Sarmīte Māliņa, Kristaps Kalns. Be Patient. View from the exhibition. 2012
Photo: Kristaps Kalns
 
Vanitas
On leaving the church space, the eyes linger on what looks like an icon in a small glass display case. For the duration of the exhibition, a bouquet of cut flowers is decaying under the glass. The stems, leaves and petals are inexorably overwhelmed by wilting, mould and decomposition. The cut flowers experience a brief pilgrimage towards dust and ashes.
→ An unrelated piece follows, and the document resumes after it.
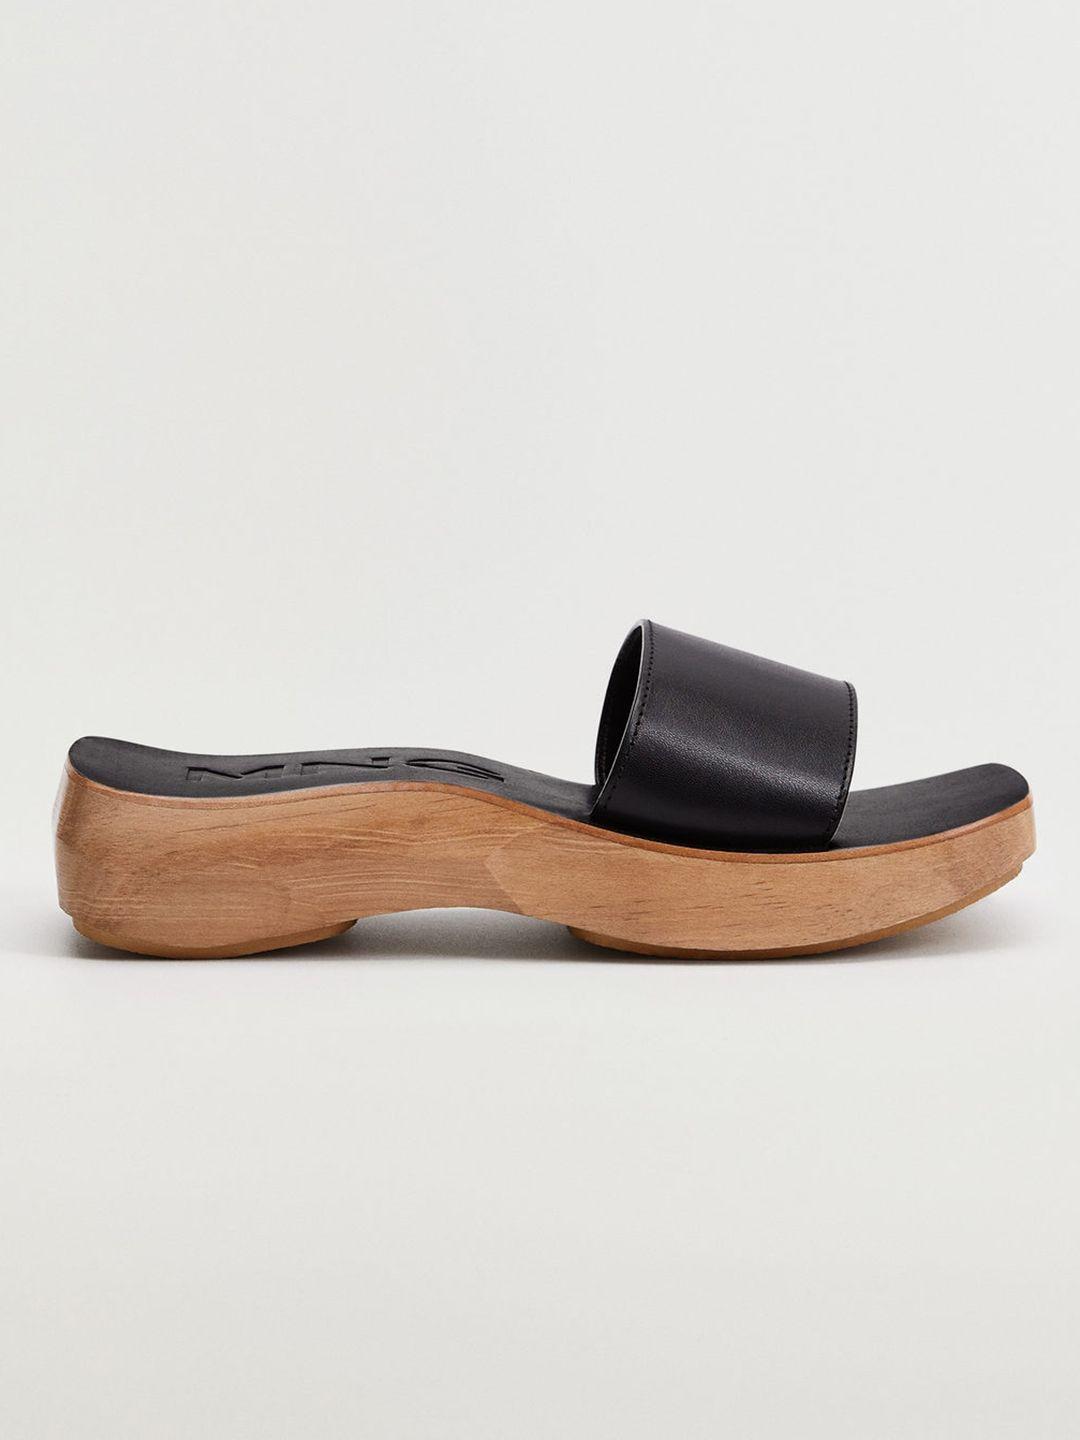 mango women black leather wood style platform heels

The confident Dutch founders of “modern capitalism” in the 16 and 17 century hadn’t yet forgotten about death and the fleetingness of all things, so they commissioned paintings in which impermanence is symbolized by a skull, a candle burning low and fruits and flowers, destined to decay. The modern person “who believes in something or other” doesn’t want to believe in or think about death, and yet strives ceaselessly to increase the average life-span.

Sola Scriptura?

Many consider that Latvia’s main religious confession is Lutheranism. There are a number of reasons why this belief has come about. Exiting the space for reflection offered by the artists, we still have to visit a black cube-like room with a shiny black lacquered door. Upon entering the room, one is surprised by a disturbing light from what looks like an office ceiling. In the middle of the room on a roughly hewed metal stand there is a book. Of course, we live in a land that was shaped in some way by one of the so-called Book religions. But are these really only the Scriptures? Are they really carved in stone? But it turns out that the marble from which the book is shaped is not unyielding Protestant granite. And on leaving the black room, we close the shiny lacquered door like a coffin lid and observe three symbols on the door. There’s a spade, which traditionally goes together with a coffin lid. There’s a blackberry. A medieval legend holds that this berry is black because the devil spat on it. And then there’s an apple blossom, like a rose. This is the flower of love, a reminder of the Mother whose love is ever-present throughout time and space.
Be patient, but at the same time hurry towards shelter.